WORK TO BE COMPLETED: Print the lines below from the line with "Best Christmas Gifts" to the line with "High Speed Skipping" exactly, keeping both ends, and print no pictures.

━━━ INFORMATION SUPPLIED

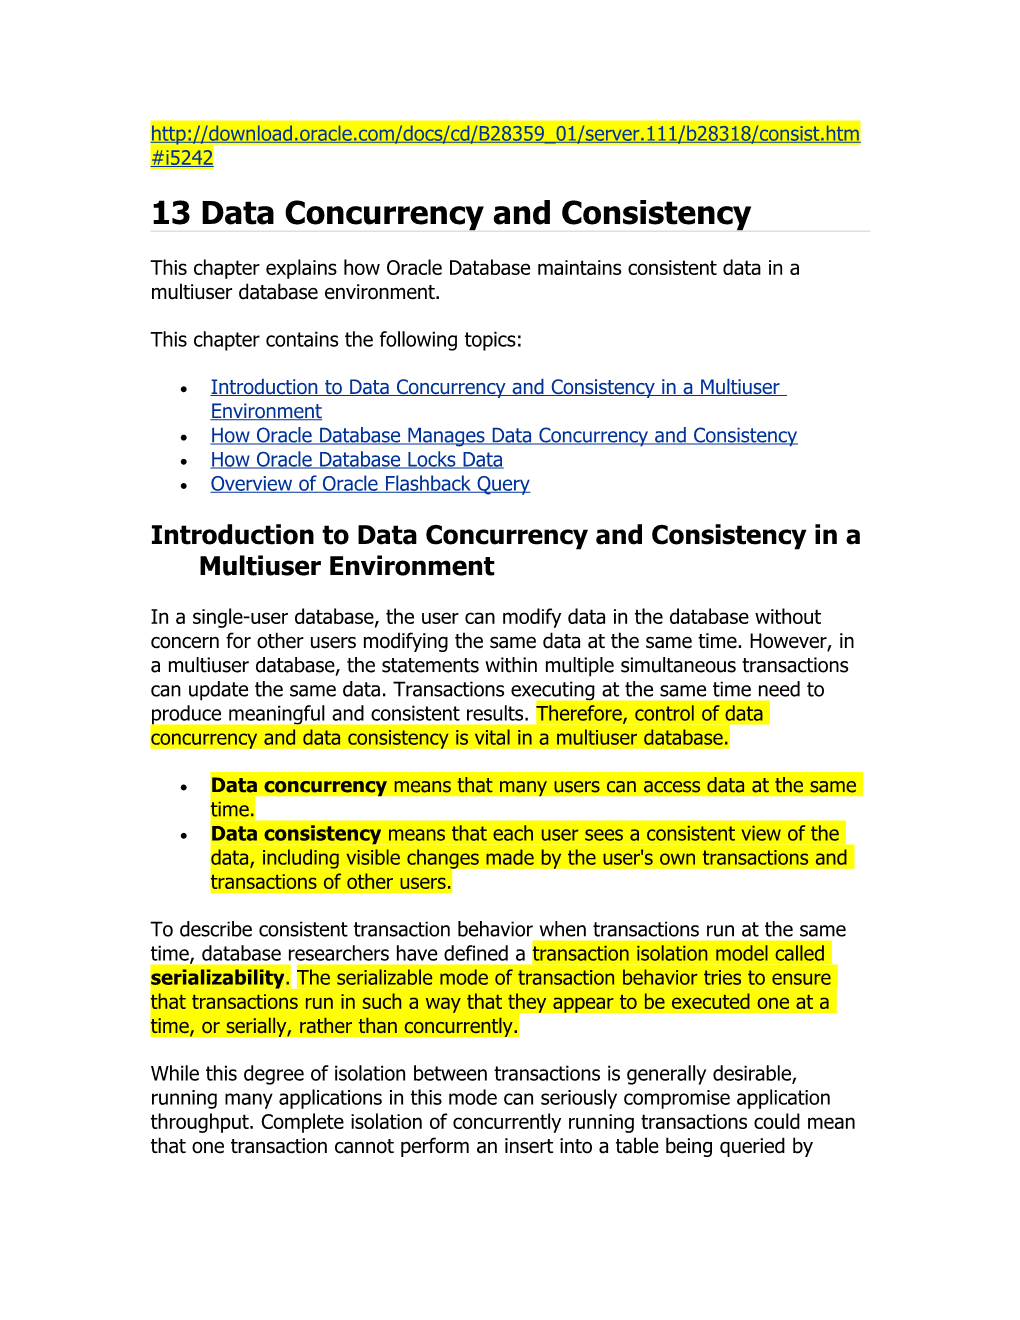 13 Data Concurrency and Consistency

━━━━━━
━━━ INFORMATION SUPPLIED

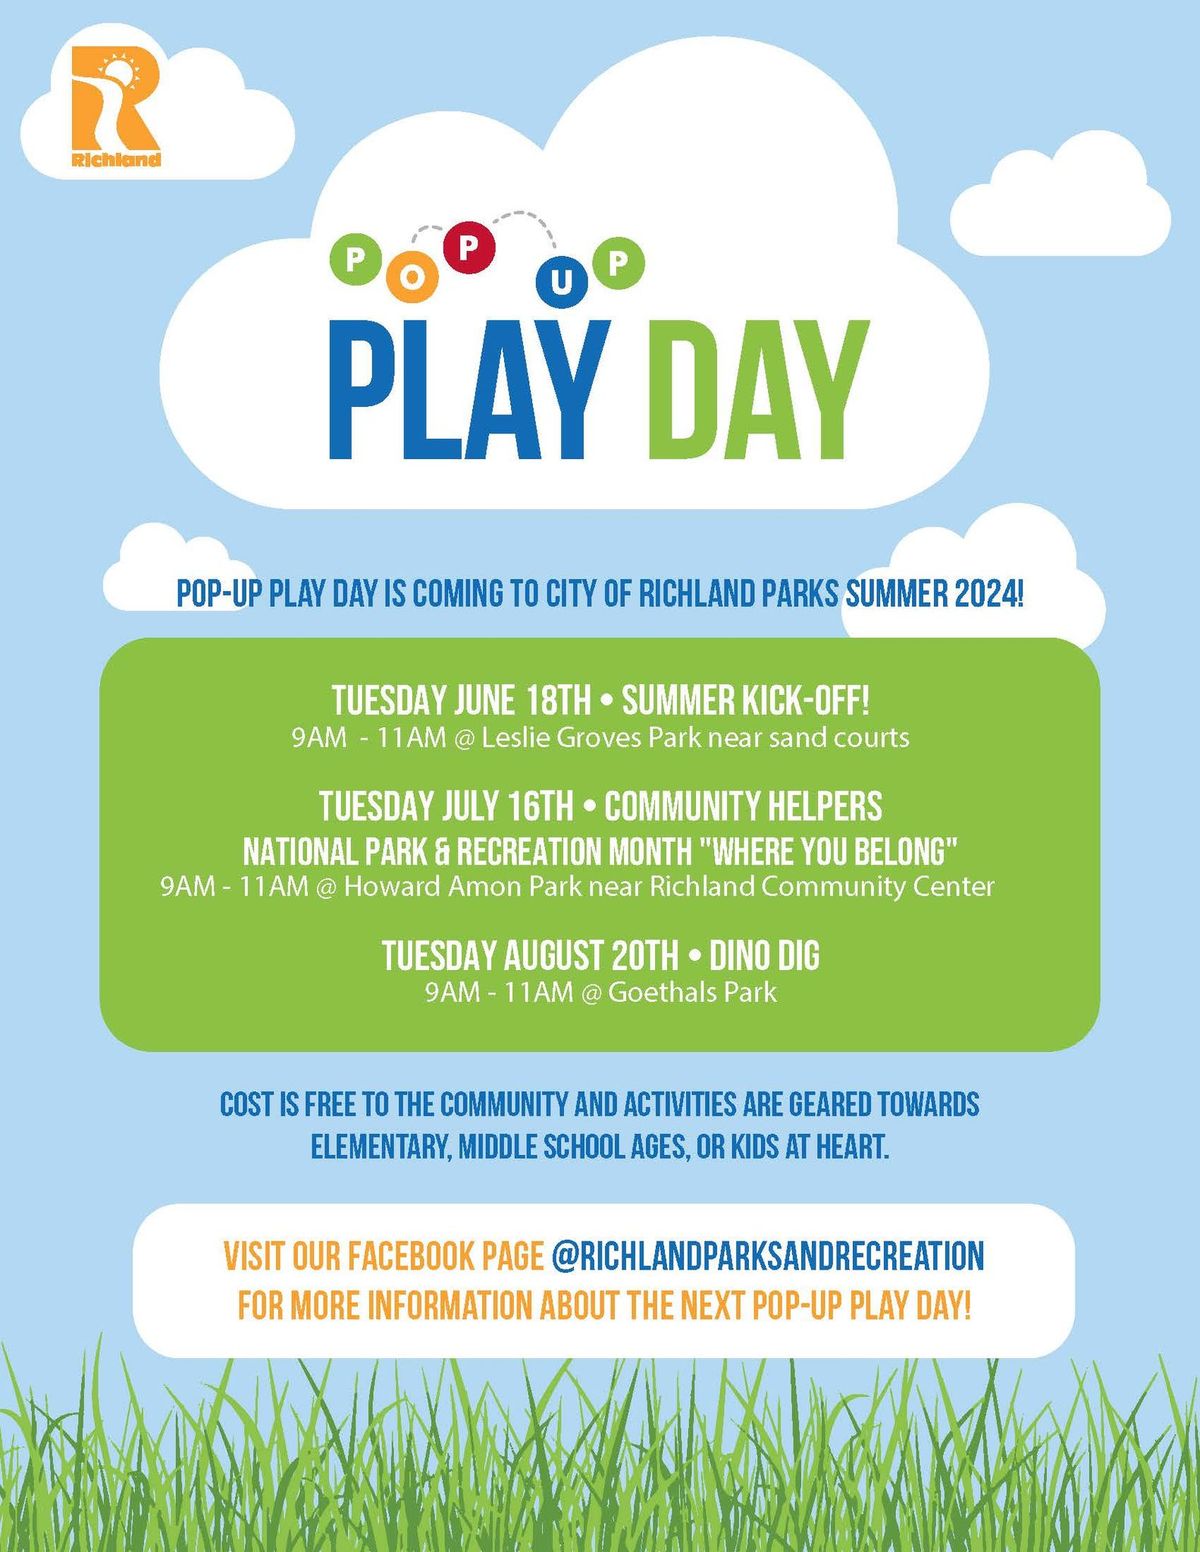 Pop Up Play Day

━━━━━━
━━━ INFORMATION SUPPLIED

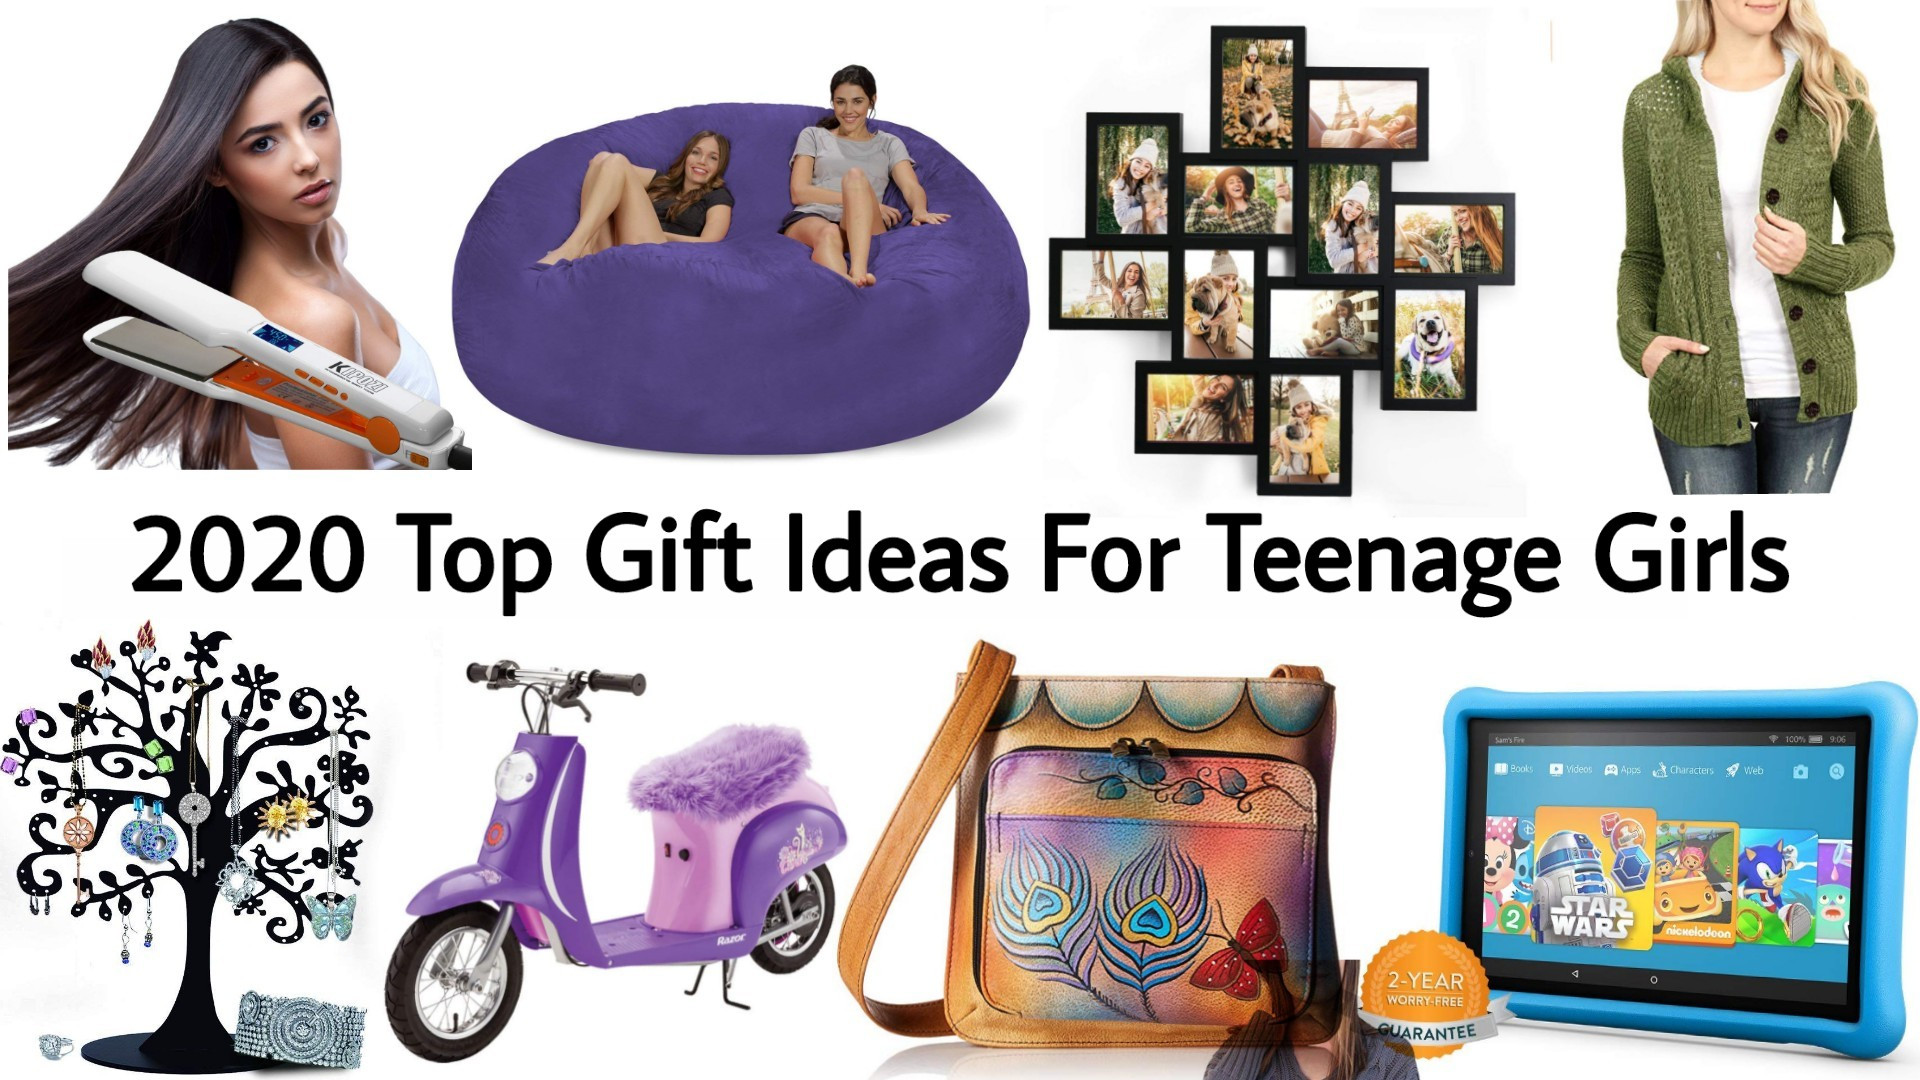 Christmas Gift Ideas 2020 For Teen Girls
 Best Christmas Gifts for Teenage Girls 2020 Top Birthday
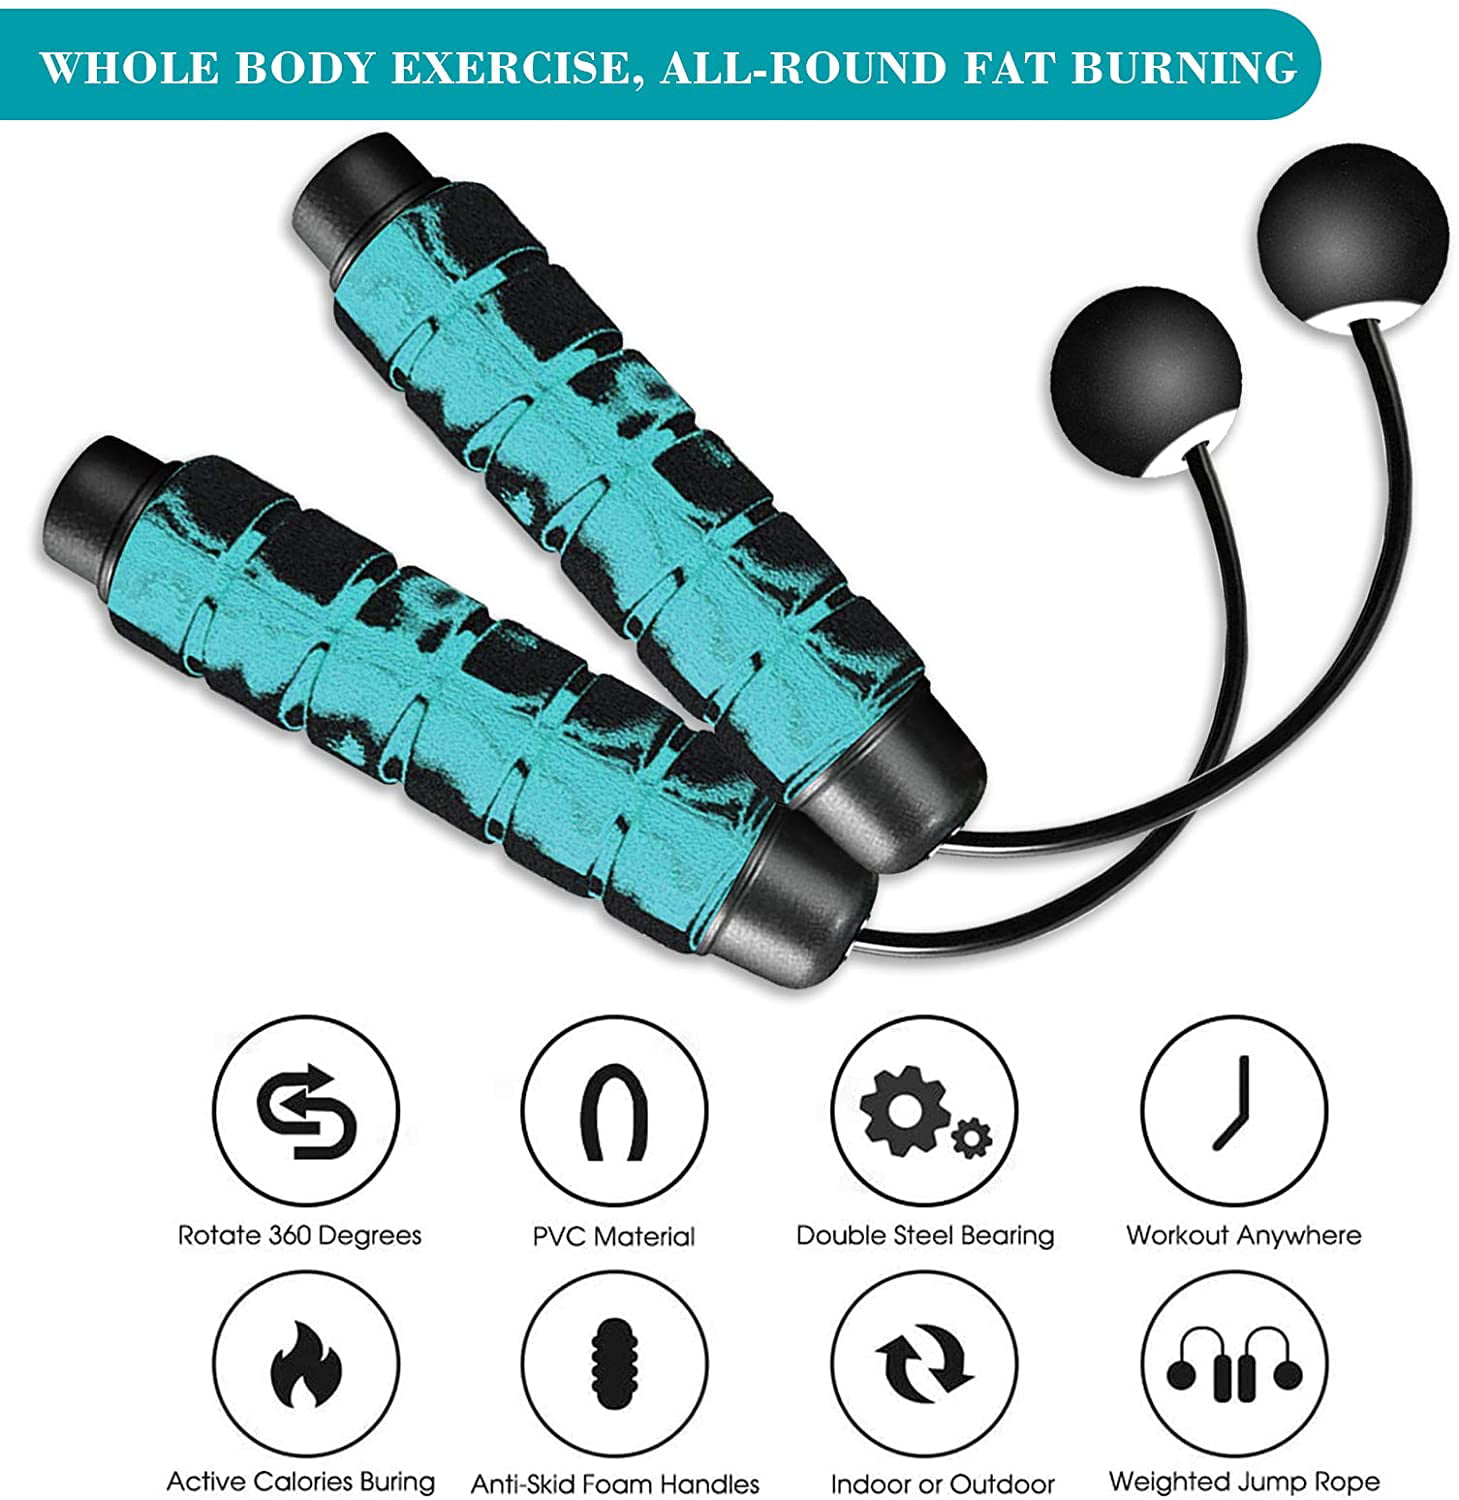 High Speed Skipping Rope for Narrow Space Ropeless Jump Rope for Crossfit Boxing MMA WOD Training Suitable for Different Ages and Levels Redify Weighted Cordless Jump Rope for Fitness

━━━━━━

SOLUTION TO THE PROBLEM:
 Best Christmas Gifts for Teenage Girls 2020 Top Birthday
 High Speed Skipping Rope for Narrow Space Ropeless Jump Rope for Crossfit Boxing MMA WOD Training Suitable for Different Ages and Levels Redify Weighted Cordless Jump Rope for Fitness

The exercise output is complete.